14 DAY TRIAL // One of the most interesting conundrums in astronomy is related to why stars don't fly apart at high speeds while they form. Theoretically, when they first condense from molecular hydrogen, they should be spinning out of control, and yet they don't. A new study analyzes the potential explanations.
Experts have been trying to figure out this mystery for years, and they have already proposed several explanations, some of which have more odds of actually turning out to be true than others.
From our current understanding of stellar formation, these objects emerge from collapsing hydrogen clouds, inside certain types of nebulae called stellar nurseries. As gravity forces the clouds to collapse, the massive friction ignites the gas, and jump-starts nuclear fusion.
The emerging protostar should theoretically spin extremely fast, yet not even the youngest stars astronomers were able to observe thus far appeared to do so. The logical conclusion is that something must be breaking the stars' rotation, preventing them from ripping themselves apart.
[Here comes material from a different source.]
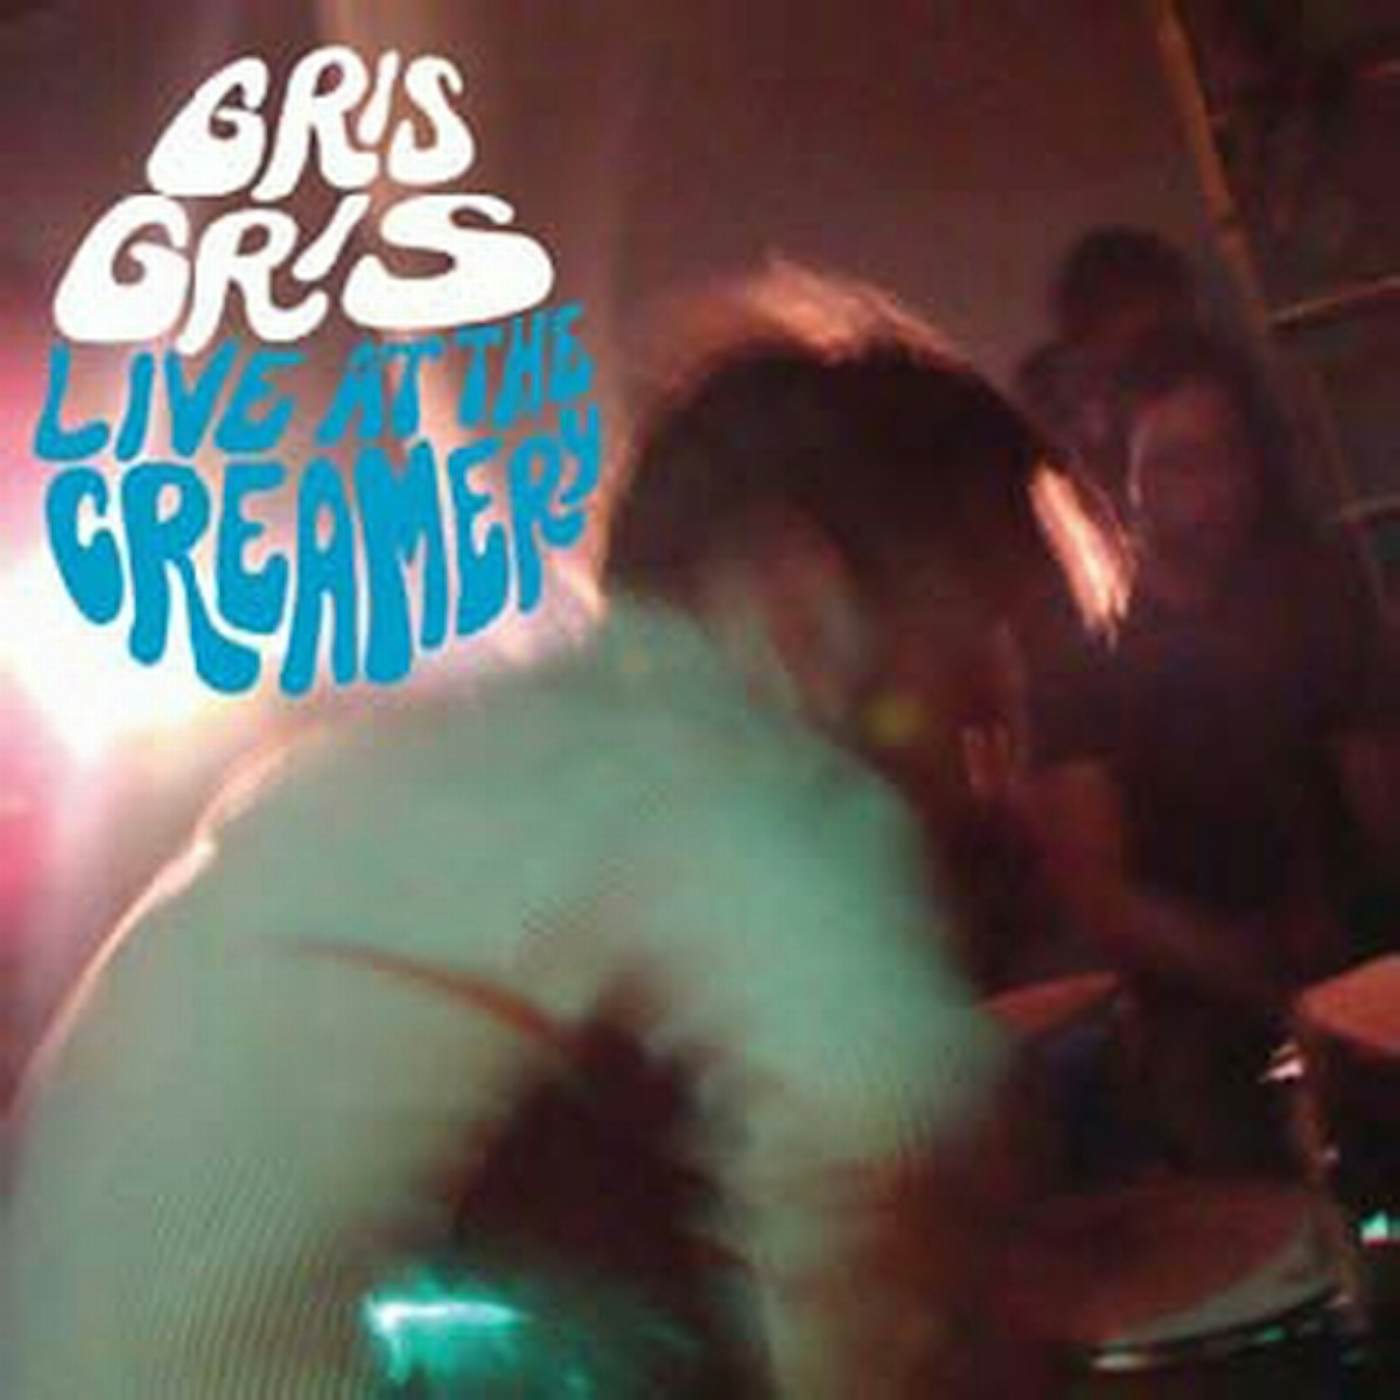 Gris Gris Live At The Creamery Vinyl Record

One possible explanation for this could be that the object's emerging magnetic field is interacting heavily with the protoplanetary disk around it. The latter is a ring of matter from the previous cloud, that did not collapse into the star.
All of the planets, moons, asteroids, comets and other space debris in our solar system were formed from such an accretion disk around our own Sun. However, after the star formed, the disk was a continuous lump of matter swirling around its outer edge in the inner solar system.
Over the years, direct observations were combined with statistical simulations, allowing astronomers to test whether protoplanetary disks were indeed responsible for slowing down their stars. It was found that stars without these disk tended to spin faster than those that had one.
But the work did not solve the main mystery. If stars without these disks were still spinning at lower speeds than theory predicted, then another process might be at work as well, Universe Today reports.
Adding to the mystery was the fact that there seemed to be no distinction in rotation speed between low-mass stars with or without protoplanetary disks. The difference was mostly notable in high-mass stars, several times heavier than the Sun.
This led experts to propose that a star's own stellar winds were in fact responsible for interacting with its magnetic fields to such an extent that the overall rotation speed decreased enough to allow the object to survive its formation.
At this point, investigators are continuing their research, trying to determine which of these two processes is most prevalent. They also want to know whether these ratios of influences hold steady across stars of various masses or not.